What is end-to-end encryption? How to apply it?

Question

What is end-to-end encryption? How to apply it?

Navigation

#1 by (1 votes)
#2 by (0 votes)

6

According to everything I researched and with the help of @bigown I came to the conclusion:

"End-to-end encryption is done when only the connection's points have access to the key that will decrypt the content, that is, the data can UP or DOWN on the server, but they should be there in an encrypted way in such a way that they are illegible and null data for the others. "

I honestly think this is incredible and I'm very excited to adapt my application to this type of encryption, I currently use an internal global key to encrypt the data in my database using the AES-128 ECB algorithm .

I will not be able to adapt my entire project to this type of encryption because if not a good part of it would be dismantled, "searching for users" would be practically impossible to do ... anyway it's not the focus of the question, p>

I have a chat where at the moment all your data is encrypted in the database and I would like to adapt it to the end-to-end . Given that a key must be created for each point (user to receive and send), my three questions are:

Is there a specification for creating these keys?
How will I tell the user at the other end of my key to decrypt my messages that I will send?
My biggest question is: What kind of communication can I use between websockets users?

criptografia aes

asked by anonymous 06.02.2015 / 23:07

2 answers

How do I deploy using Grunt? Enter Password to continue

score 1 · Answer 1

About your question:

How do I inform the user at the other end of my key to him to decrypt my messages that I will send?

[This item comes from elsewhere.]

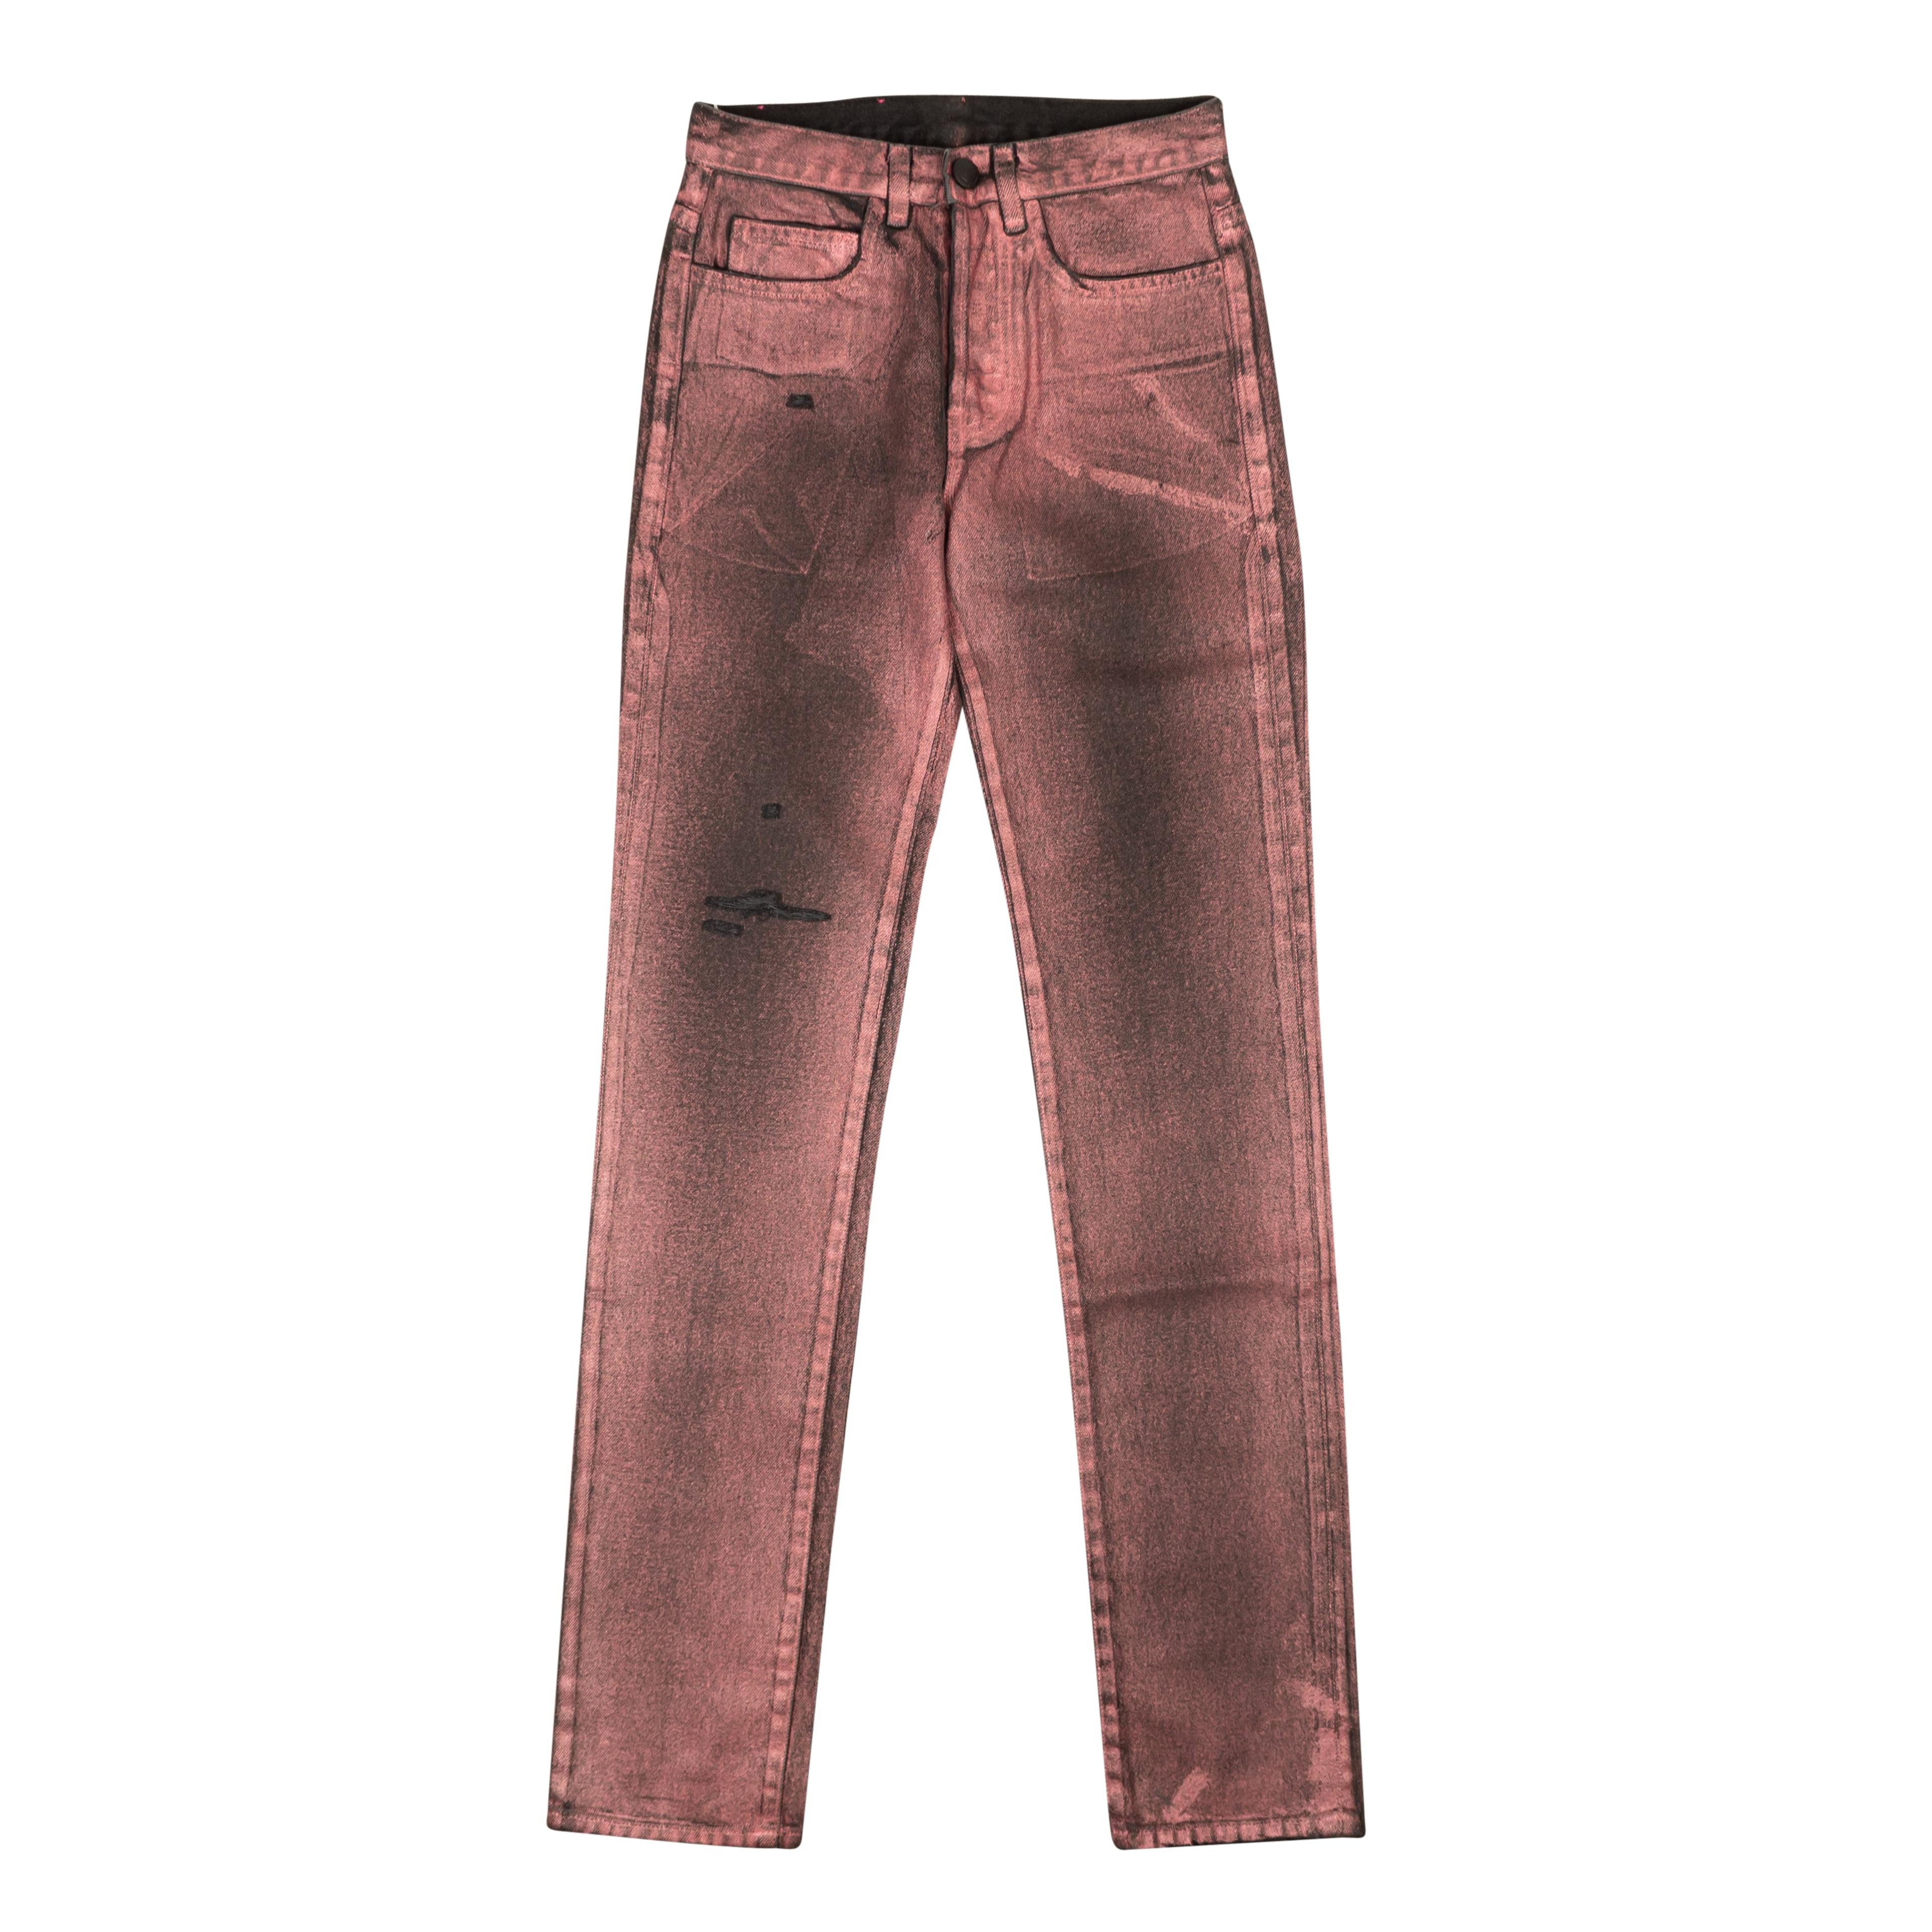 Black And Pink Metallic Wash Jeans

My number 1 suggestion would be to have the creation of the public and private keys at the time of the user's creation. Let your server take care of public key distribution. For example: User A will talk to user B. Then your server will let the public key of A in the session of B and the public key of B in the session of A. Thus, B could decrypt what comes from A and vice versa.

My suggestion 2 would be a lot easier, considering that you already have a server taking care of everything ... would be to have only the server have a private key and each user would have the public key of the server. So the user would send the encrypted message to the server using the public key of the server and the server would encrypt it using his private key. The idea is that only users would be able to understand what the server "says". If someone tried a man-in-the-middle, he would not have access to the message.

And completing more specifically, use a web server to do the middle field. I believe that 100% of them are capable of dealing with things related to encryption. Some are simpler to set up and others are more complex. Are you just playing with crypto (academic) or is it something to work with? That's a few things to keep in mind.

score 0 · Answer 2

I advise you to search for a key agreement. The simplest example is Diffie-hellman.

I do not advise you to encrypt public key as RSA with each user having a private and public key because that would be an unnecessary big overhead. Nor would you use RSA with everyone encrypting with a public key from the server, since in that case the server could open all the users' messages, which from a security point of view is not very legal.

Pro your account case Diffie-helman quietly. Even more being for study, understanding protocols like Diffie-helman are essential in cryptography.